DATA SUPPLIED START
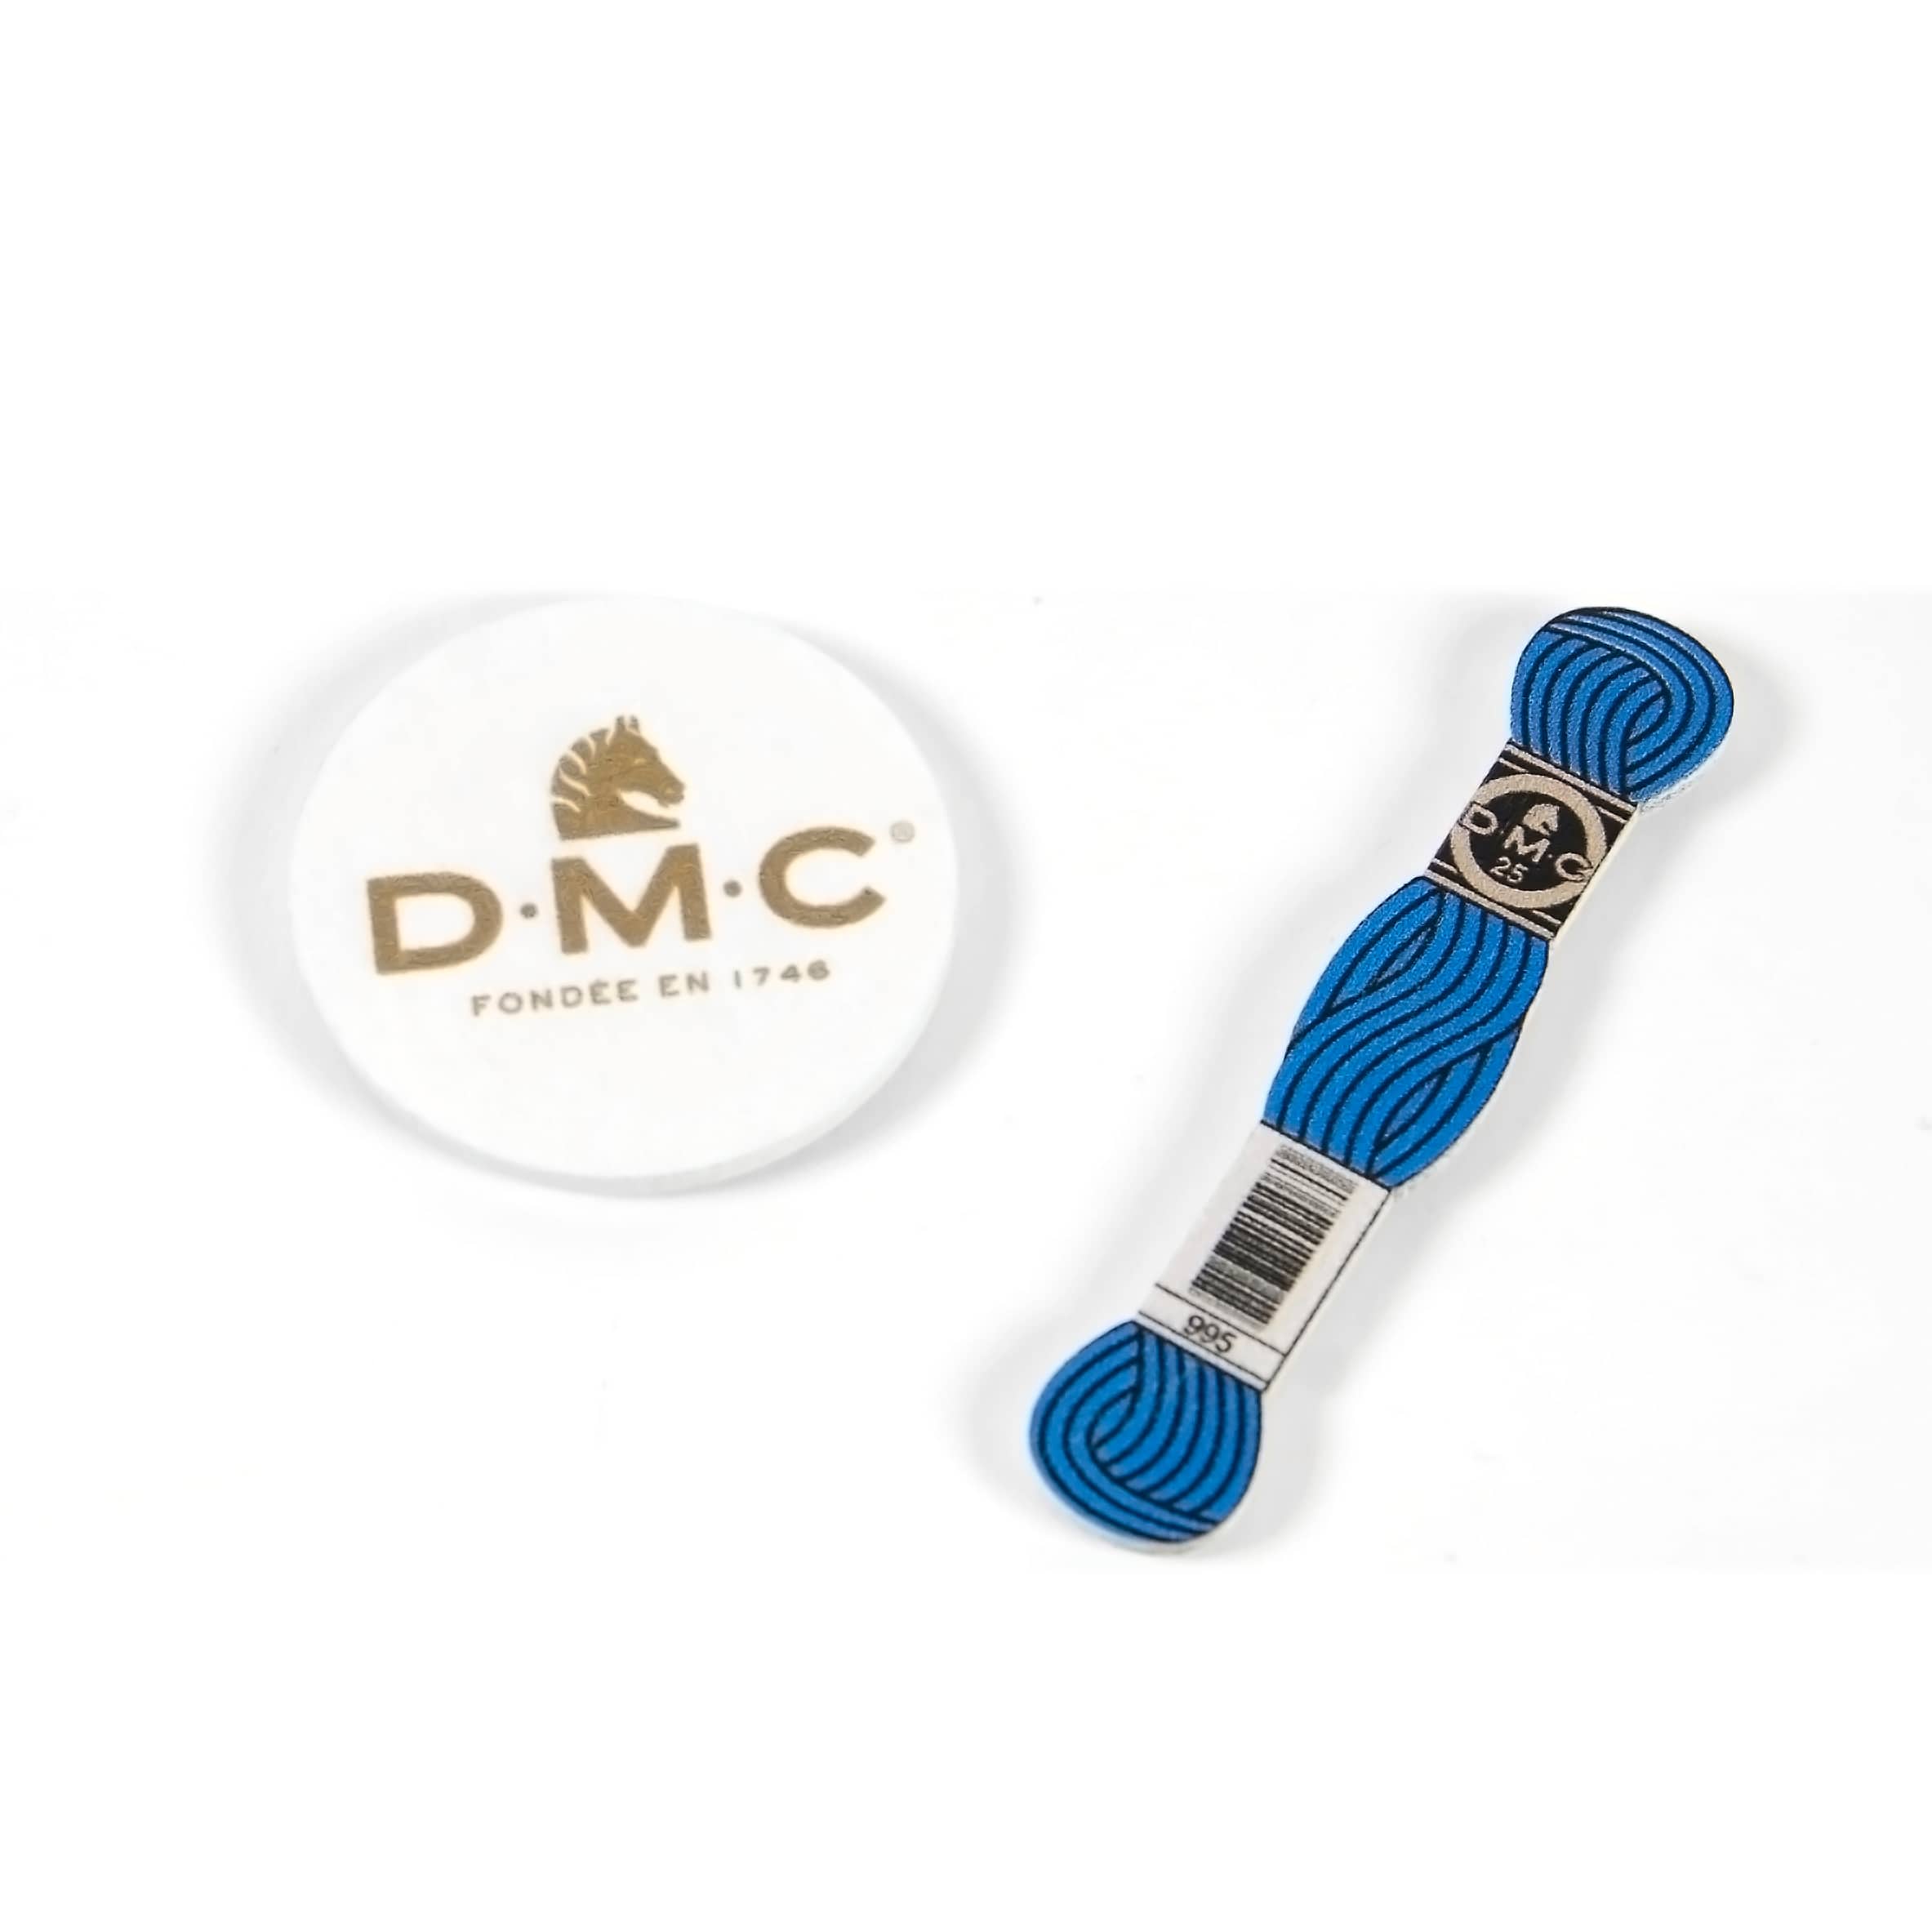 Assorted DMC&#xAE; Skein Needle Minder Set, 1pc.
DATA SUPPLIED END
DATA SUPPLIED START
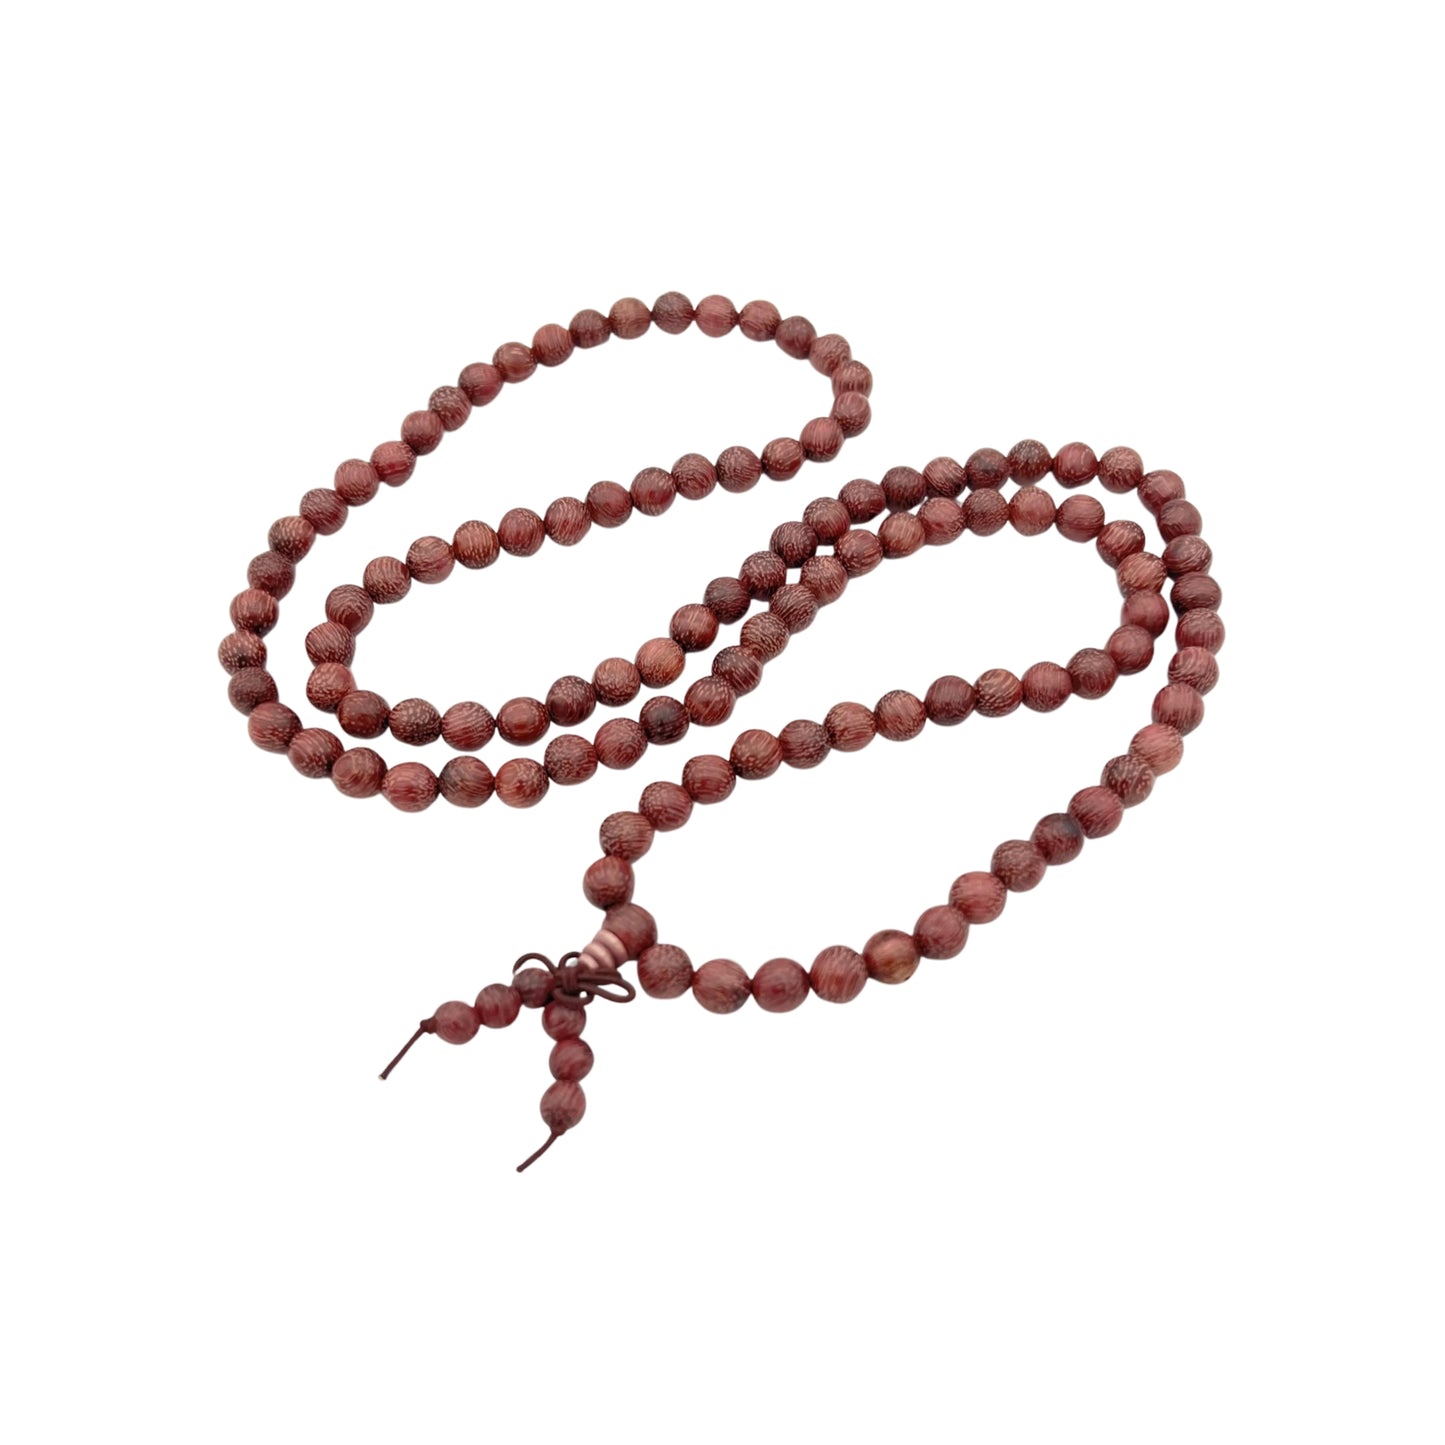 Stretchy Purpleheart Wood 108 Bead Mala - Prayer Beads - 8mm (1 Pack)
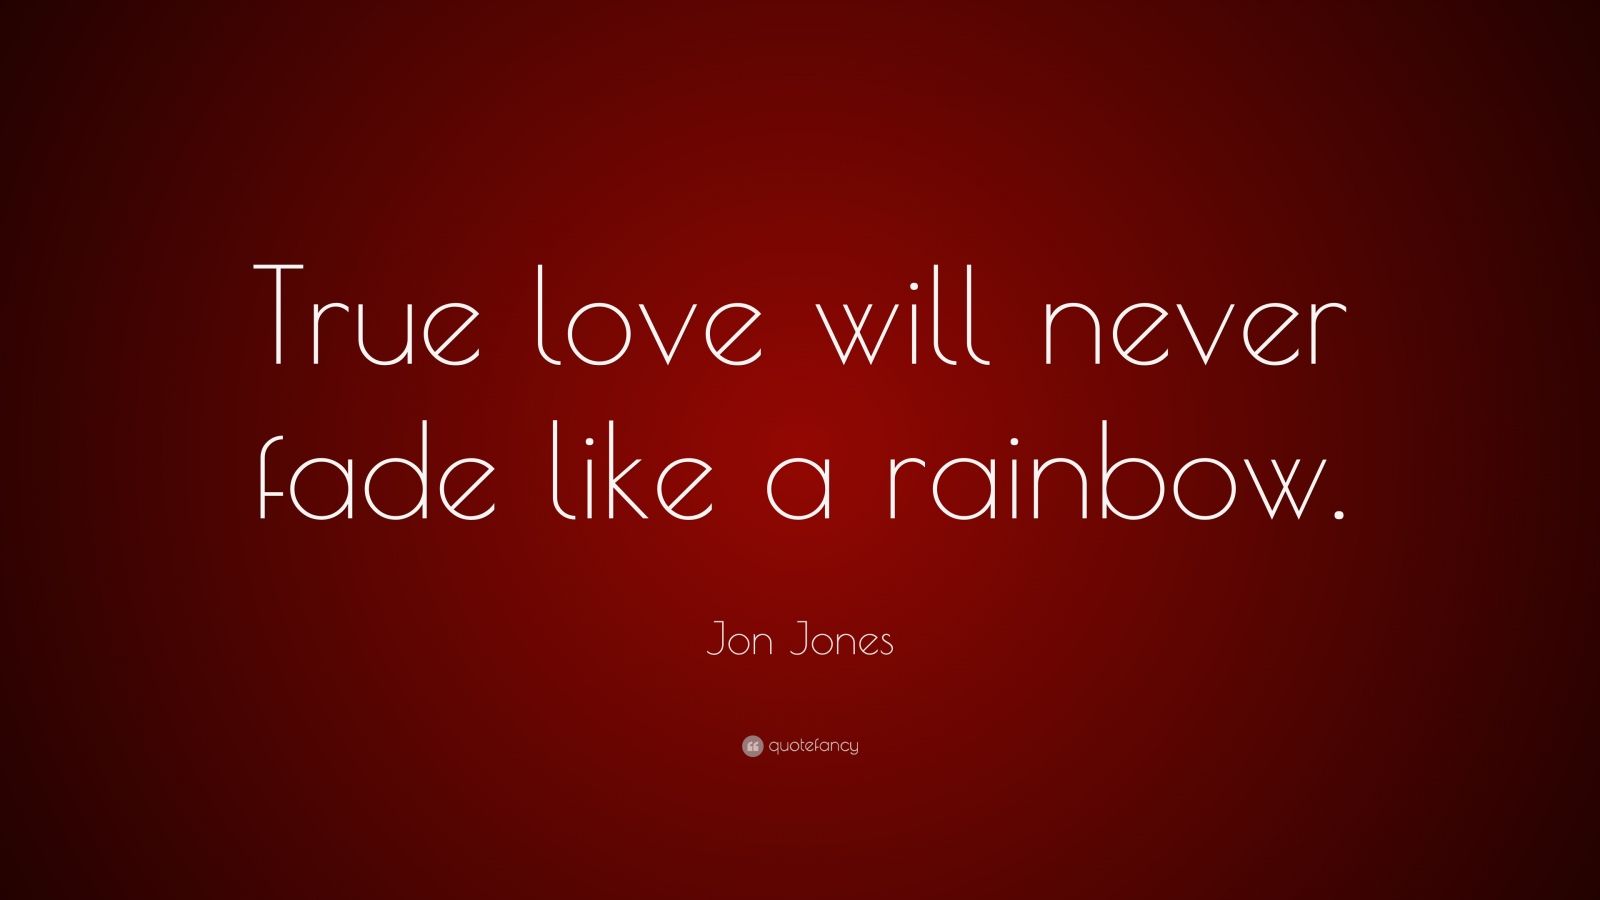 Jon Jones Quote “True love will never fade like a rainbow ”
DATA SUPPLIED END
(EXERCISE DESCRIPTION) The copy should hold only the lines from the one with "Stretchy Purpleheart Wood" through the one with "Jon Jones Quote", exactly as they stand above. Leave out the pictures.

(ANSWER TO THIS EXERCISE)
 Stretchy Purpleheart Wood 108 Bead Mala - Prayer Beads - 8mm (1 Pack)
 Jon Jones Quote “True love will never fade like a rainbow ”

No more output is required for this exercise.